As I grew up in the shadow of the Wall, under the flag of the hammer and compass, I continued to visit that section of the Wall every day that I could. Some of the details changed over the years. The Young Pioneer uniform I often wore during my visits to the Wall gave way to an FDJ uniform. My method of traveling there changed as well, from a child’s skip to a clunky Trabant. On the rare days that I couldn’t manage a visit to the Wall, I felt a sharp stab of guilt, as though I had abandoned someone calling for help. But what sense did that make? I wasn’t making a difference just by standing there.
            So it went until the twenty-eighth year of my life. Following reforms in the Soviet Union, Poland, and Hungary, our own hardline government finally began to bend to the people’s will. Erich Honecker, our intransigent fossil of a leader, was ousted. And then, on the evening of November 9, 1989, Günter Schabowski announced on television that the border with the West was now open. After all this time, could it really be true?

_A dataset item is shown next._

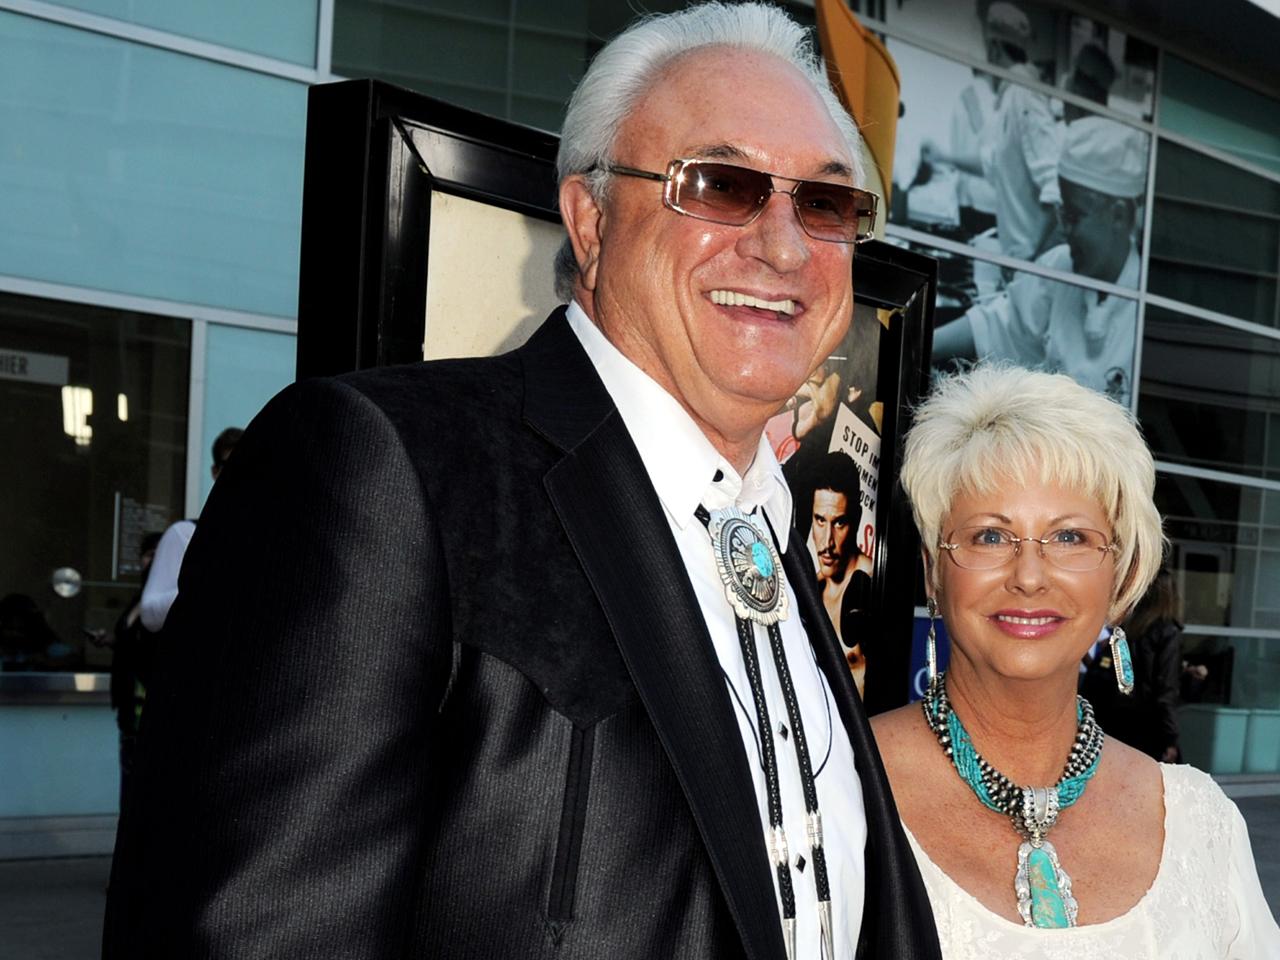 Mustang Ranch Brothel Owner Lance Gilman Enters Public
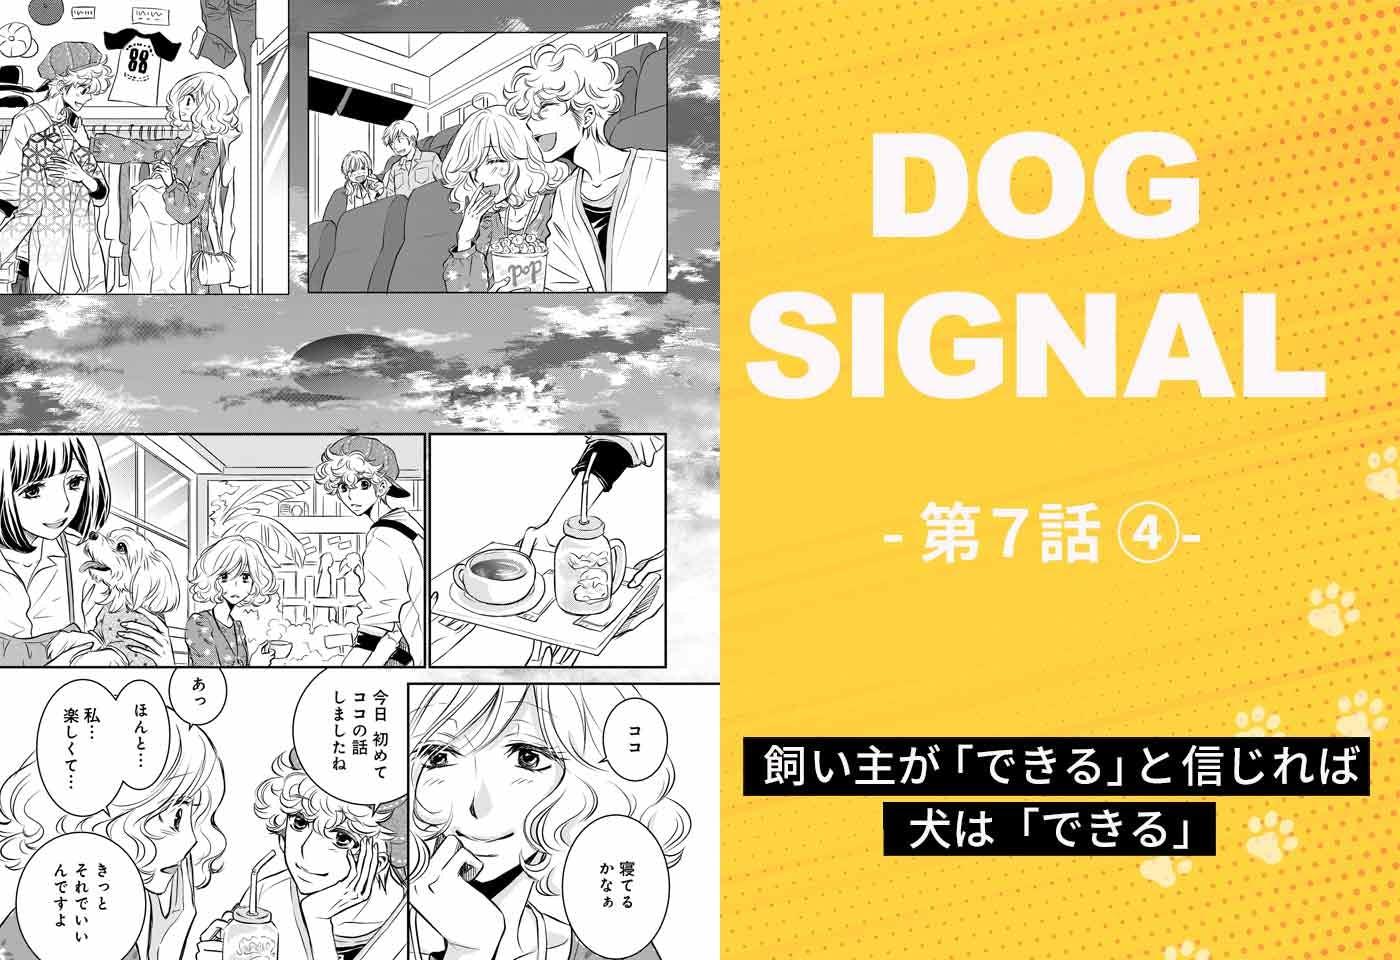 『DOG SIGNAL』7話目 4/4

            I went to see if it was. It wasn’t exactly an original thought. Huge crowds were gathering at the checkpoints in the Wall to see if the border was really opening. The border guards seemed to know nothing about any change in policy, but they eventually gave in and let the people pass through. They were greeted warmly by the people on the other side, the people whom our government would have us believe were “fascists.” Soon, people were climbing over the Wall, but no one was shooting at them. The Wall had become harmless.
            I ran to the section of the Wall to which I had always been drawn. A hand reached down to help me up and I took it. As I came up onto the Wall, I gazed into the face of a twenty-eight-year-old woman. She was… me. A different me. A Western me, with a mass of curly hair atop her head and a most peculiar outfit composed of bright, neon colors. We embraced as we came together on top of the Wall.
As I would soon learn, she was Marlene Baumann, the identical twin sister I had never known. She had been with relatives in the West on that day in 1961 when the Wall was built. No doubt hoping to spare us the pain of separation, our respective guardians had both chosen to never tell us about the other.
And yet, we had somehow been able to sense the other. For as long as we could remember, we had felt the same pull. On every day that we could, we had stood directly across from each other, as close as we could be with the Wall in the way.